*What is expected*
Please give back only the lines below from the one containing "Portwood Furniture - mid-20th" to the one containing "Pair of Oxblood Tufted Chairs", each repeated word for word, both ends included.

***** Information *****

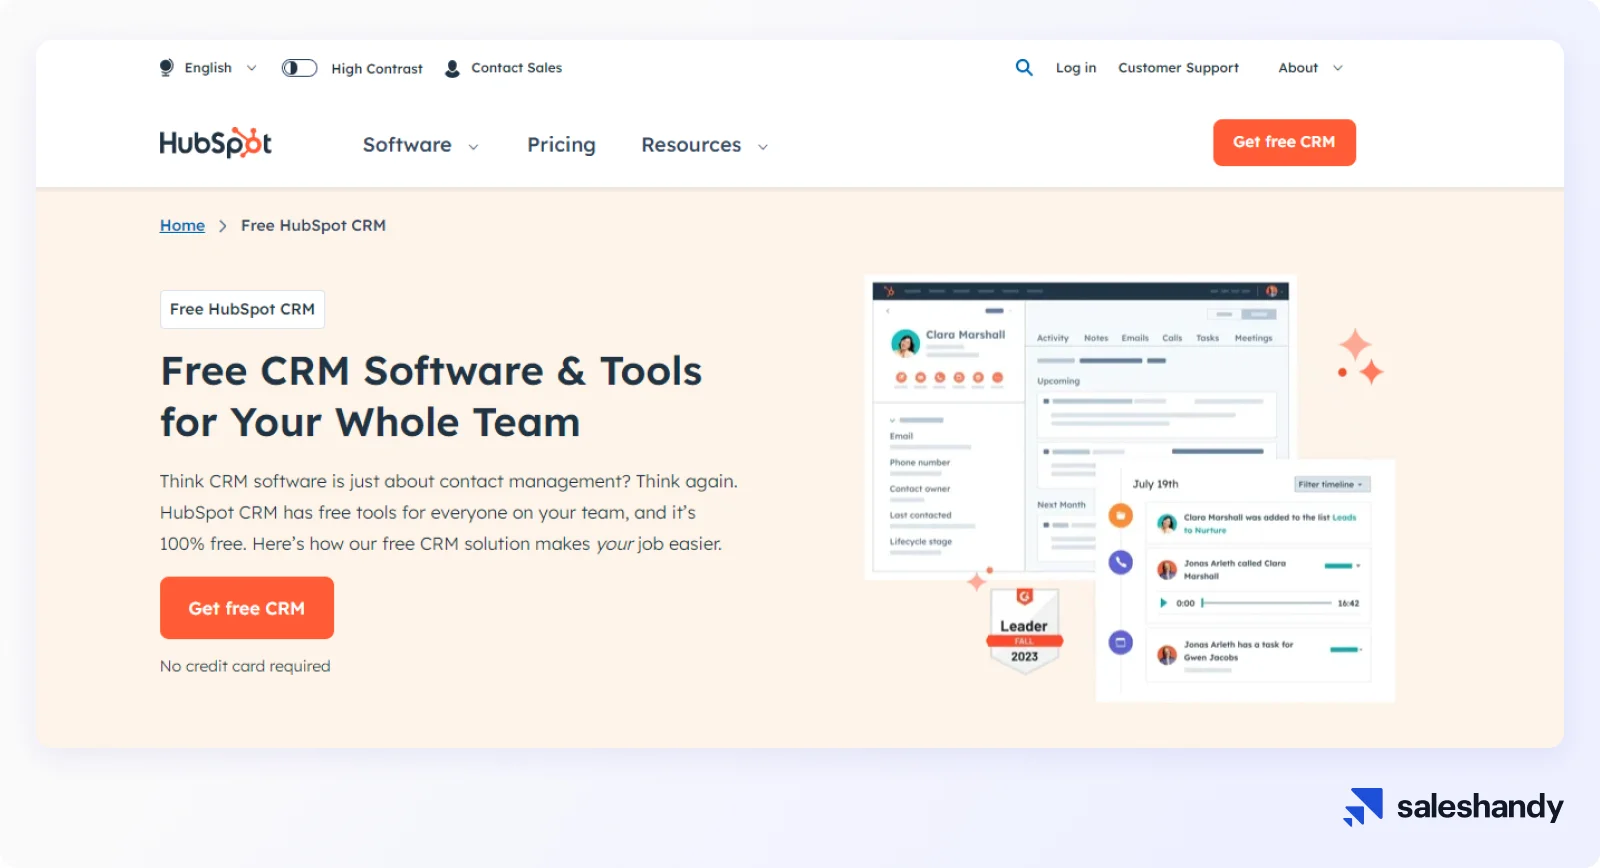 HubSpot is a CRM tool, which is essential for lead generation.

*****
***** Information *****

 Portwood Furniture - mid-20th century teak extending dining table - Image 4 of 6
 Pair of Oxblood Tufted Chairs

*****

*Exercise answer*
 Portwood Furniture - mid-20th century teak extending dining table - Image 4 of 6
 Pair of Oxblood Tufted Chairs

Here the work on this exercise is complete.